После игры мы отправились в Оклендский парк на Сидровую мельницу, которая в тот год открылась раньше обычного. На вкус сидр был слишком сладкий. Доктор Дорети сказал, что в нем еще много лета, а кислым он будет не раньше, чем через месяц. Мы с Терезой забрели в колесный отсек рядом с главным зданием мельницы и, стоя на пешеходном мостике, протянувшемся через все помещение, вместе с другими детьми смотрели, как гигантское колесо крушит и давит яблоки внизу. Мы стояли там до тех пор, пока не показалась лопасть с вырезанным на ней сердцем, на котором Ричард и Грейс, единственные подростки, покусившиеся на эту достопримечательность, выгравировали свои имена. Никто из нас не мог понять, как им это удалось.
И все эти месяцы, при всей этой жаре среди нас ходил Снеговик. Он ездил на своем синем «гремлине» АМК по игровым площадкам и тупикам, кишащим детьми, и ничего не предпринимал. Просто ездил.

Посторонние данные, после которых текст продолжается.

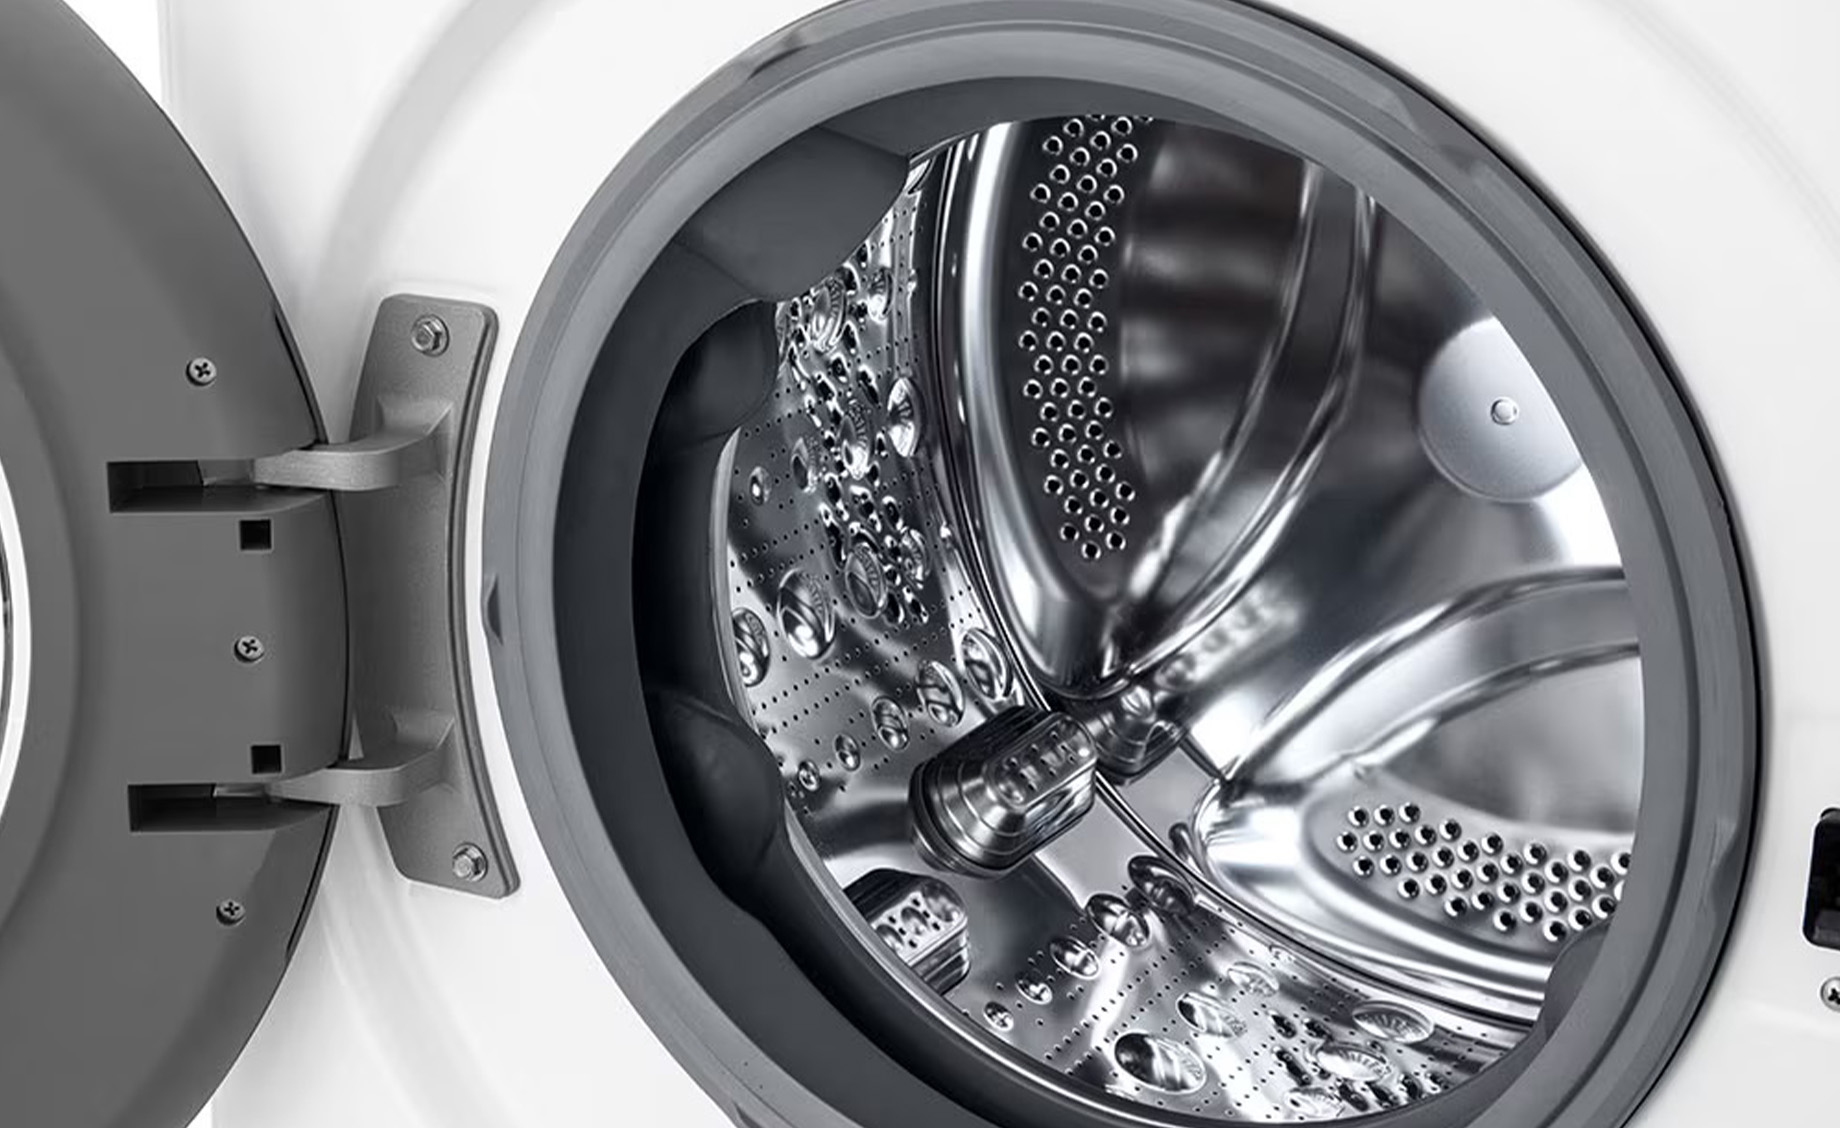 LG F2WR509SWW mašina za pranje veša

В последний уикенд перед началом учебного года, к исходу дня, когда солнце разбросало по крышам оранжево-красные блики, родители вдруг приоделись, запихали нас с Брентом в машину и покатили в Греческий город в центре Детройта. Запарковались мы в пяти кварталах от места, под одним из немногих работающих натриевых фонарей и пошли пешком по середине пустынной улицы мимо заброшенных отелей без окон и разбитых машин, на задних сиденьях которых мельтешили тени, словно обжимавшиеся подростки.

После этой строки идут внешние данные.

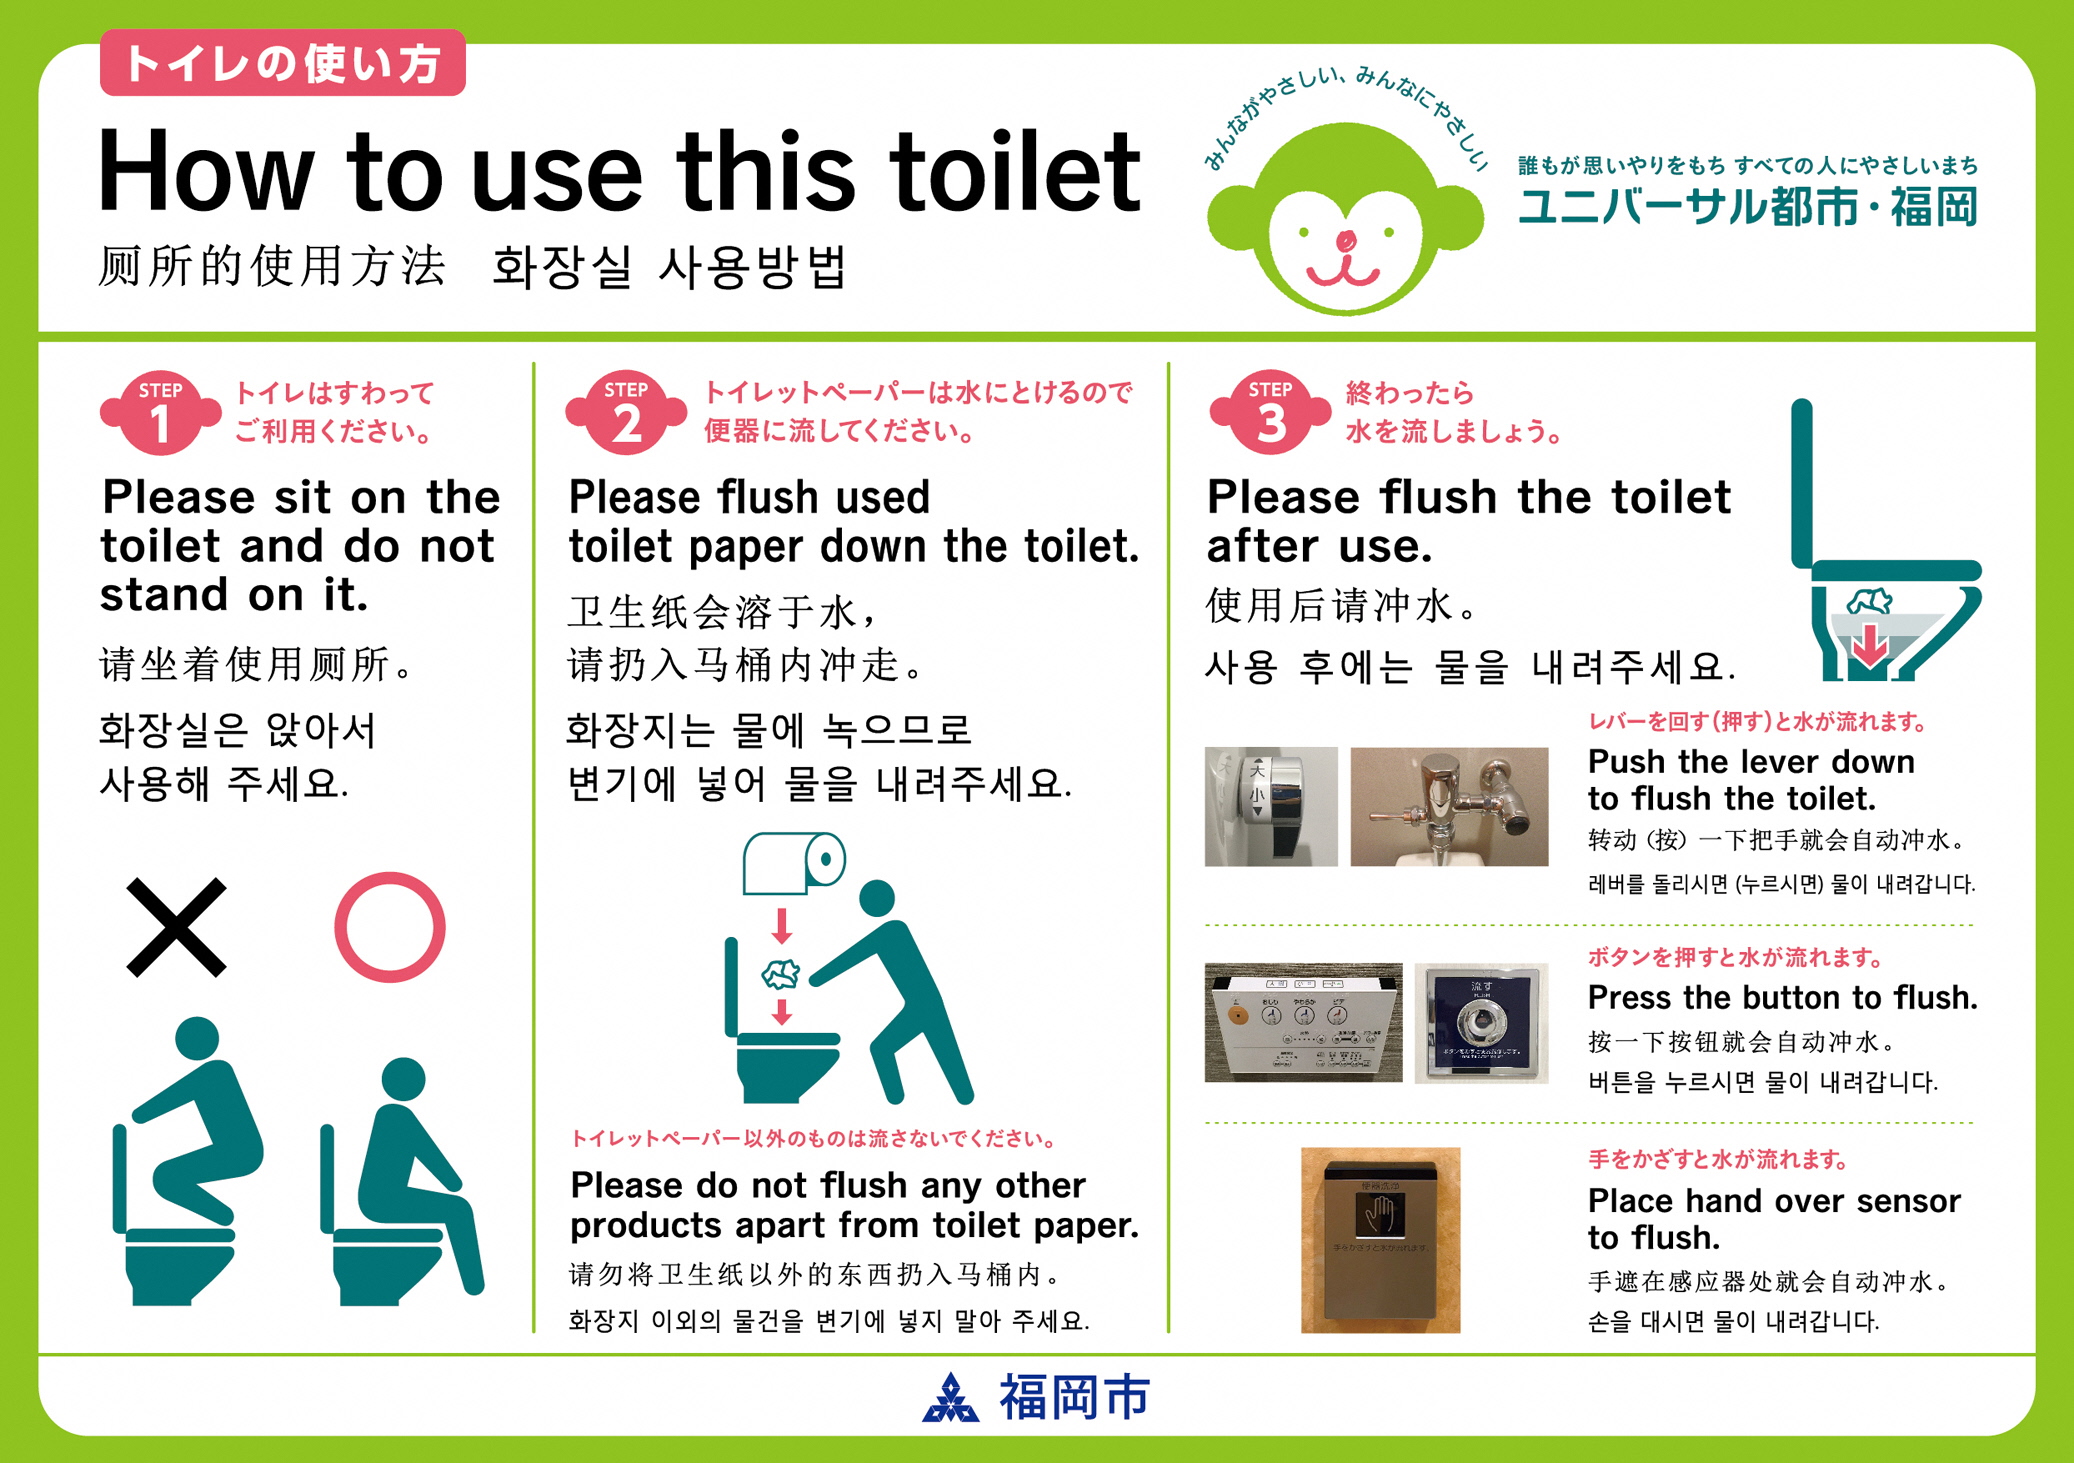 福岡市 ユニバーサル都市 福岡 トイレの利用マナー啓発ステッカーについて

Вот почему Греческий город, когда мы до него добрались, произвел на нас впечатление грандиозного фейерверка. Откуда ни возьмись в ослепительном свете появились тысячи людей, повеяло вкусными запахами. Там были чернокожие и белые, родители и дети, управленцы и работяги, Особо Одаренные Малолетки (как называли нас в школе) и обычные малолетки, и все толкались, суетились, словно пытаясь пробиться друг к другу сквозь клубы дыма и крики «Опа!». И вдруг все байки о центре Детройта, которые я слышал с младых ногтей, стали всего лишь байками — частью тщательно разработанной тактики запугивания, чтобы робкие и слабые держались подальше, предоставляя последним из оставшихся в живых искателей приключений вечно веселиться на обломках Автомобильной Столицы.
1994
— Хорошо, — вступает Лора, молчавшая почти два часа, пока я нес в трубку всю эту лабуду о Пусьмусе, о Марке Фидриче и о том долгом засушливом лете.
Сомневаюсь, что меня мог бы остановить сам ее голос, но в нем звучали обертона, которых я раньше не слышал, — это они заставили меня поморщиться, закрыть глаза и умолкнуть.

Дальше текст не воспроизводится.